**EXERCISE DETAILS**
Look through the data below and output, unchanged, every line from the one holding "Photo: Wang Yinhui, development" through the one holding "Lazzaro Faggiani De Bona architetti", inclusive. Skip the pictures.

::: RECORDS SUPPLIED

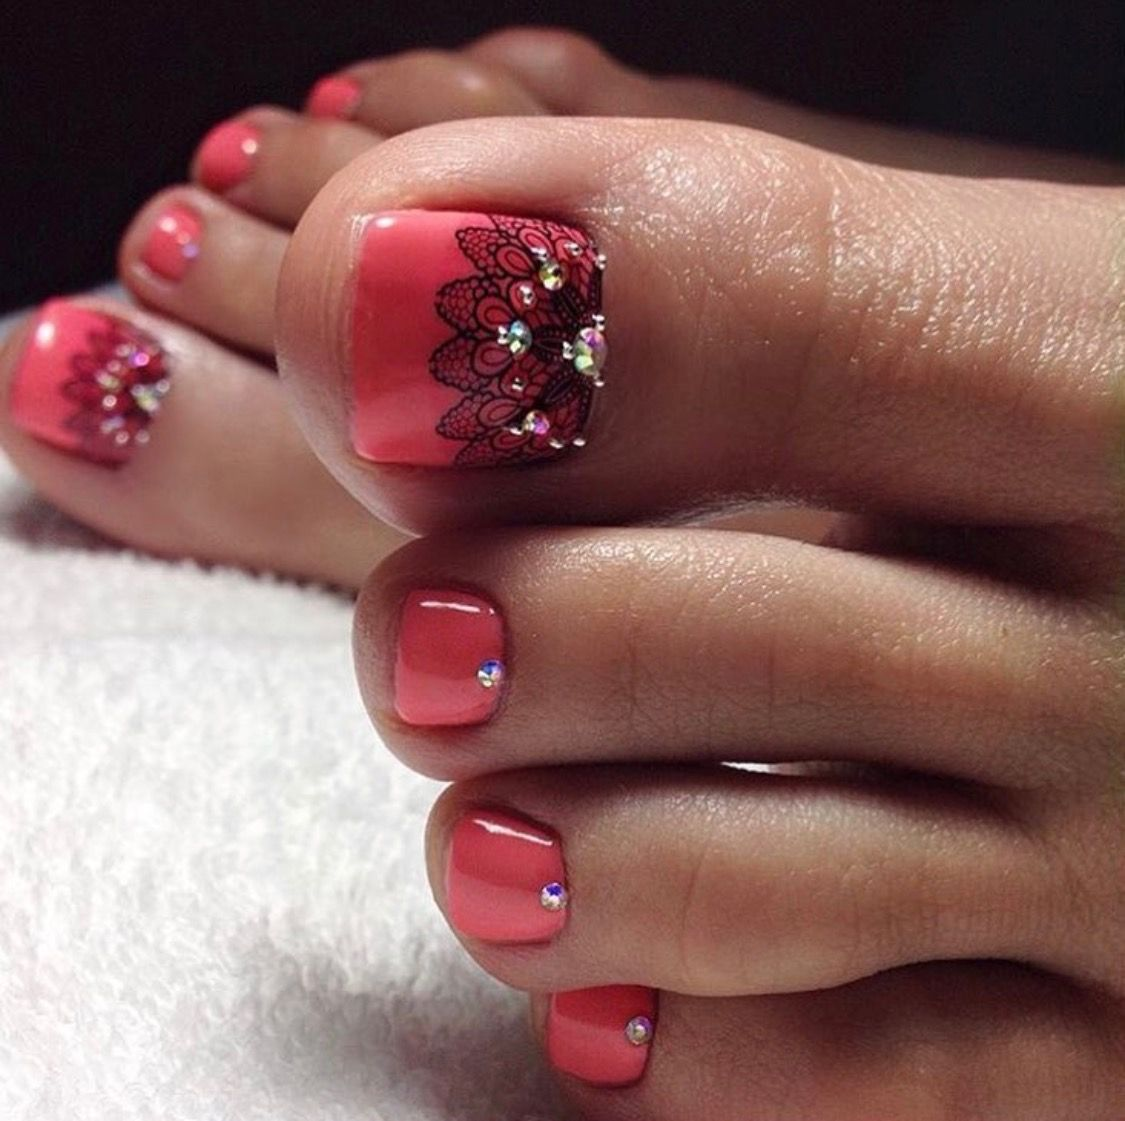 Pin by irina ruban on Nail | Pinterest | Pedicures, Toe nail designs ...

::::::
::: RECORDS SUPPLIED

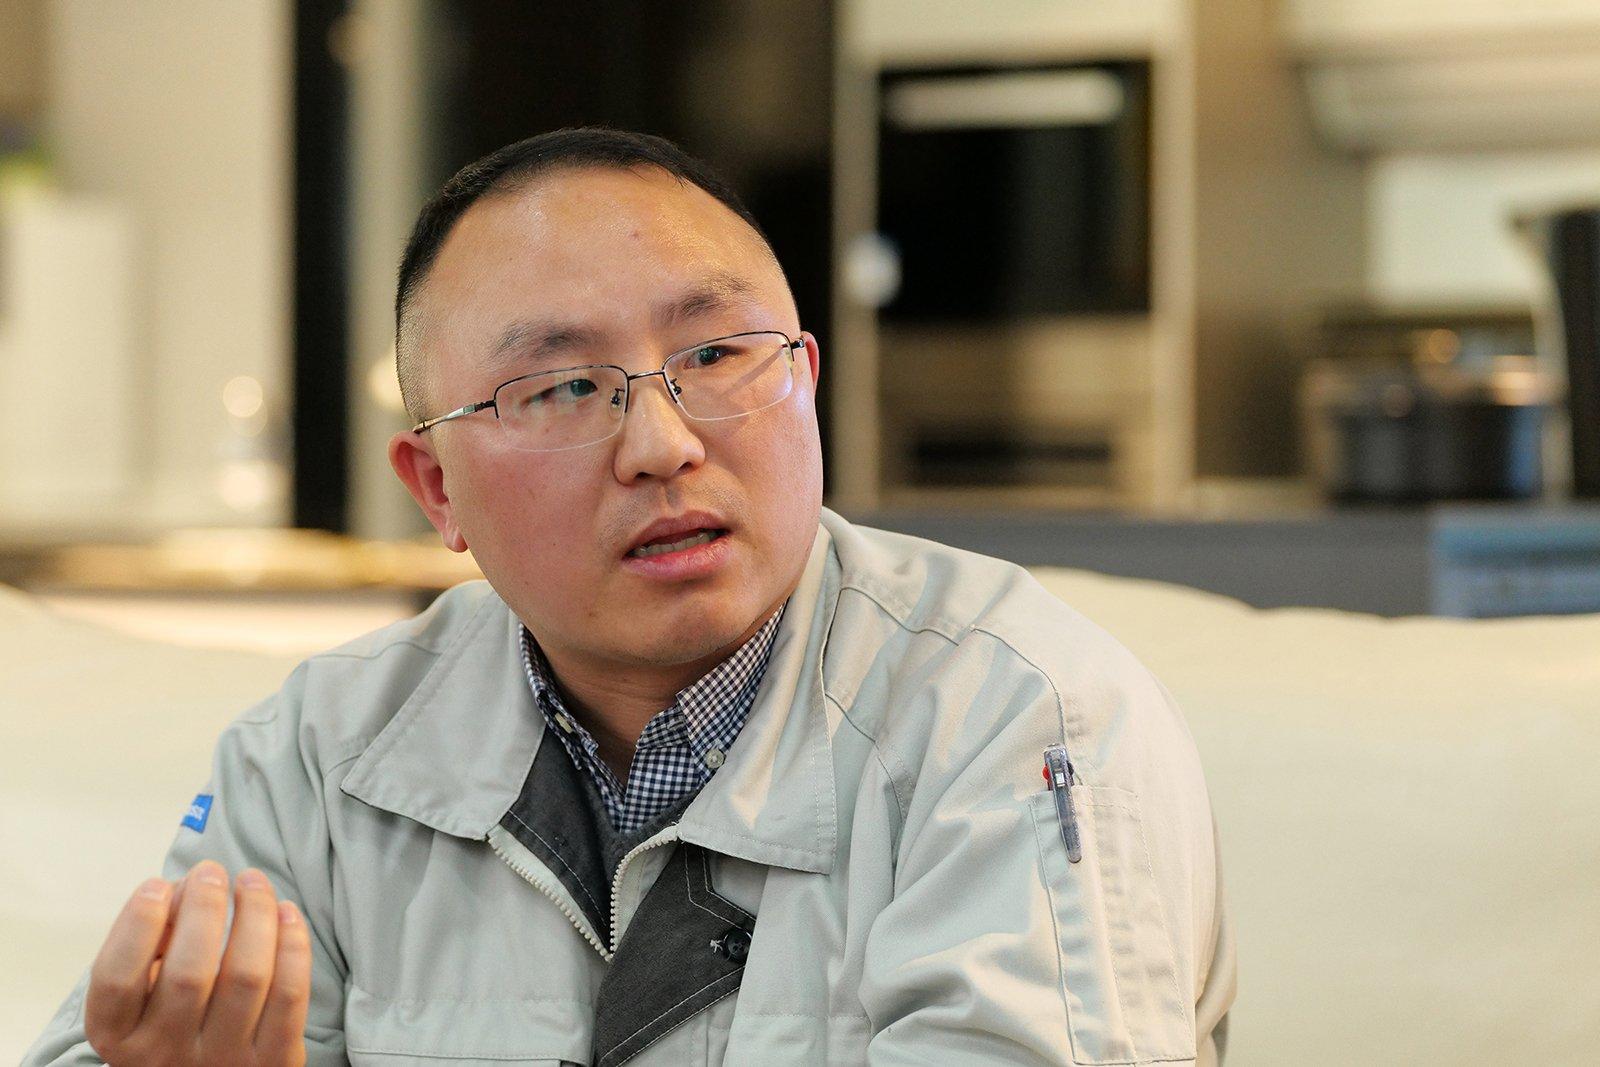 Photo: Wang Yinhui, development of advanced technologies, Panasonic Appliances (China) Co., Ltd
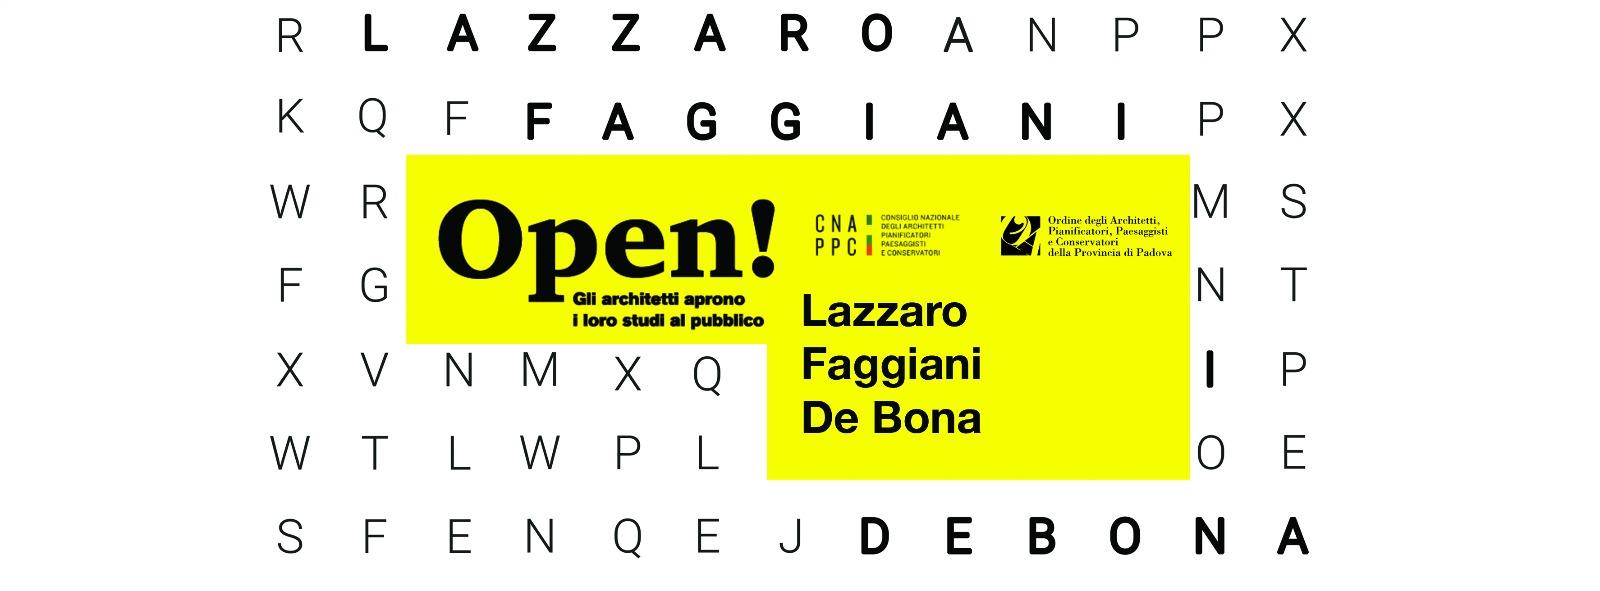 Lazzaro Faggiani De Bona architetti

::::::

**FINAL ANSWER**
 Photo: Wang Yinhui, development of advanced technologies, Panasonic Appliances (China) Co., Ltd
 Lazzaro Faggiani De Bona architetti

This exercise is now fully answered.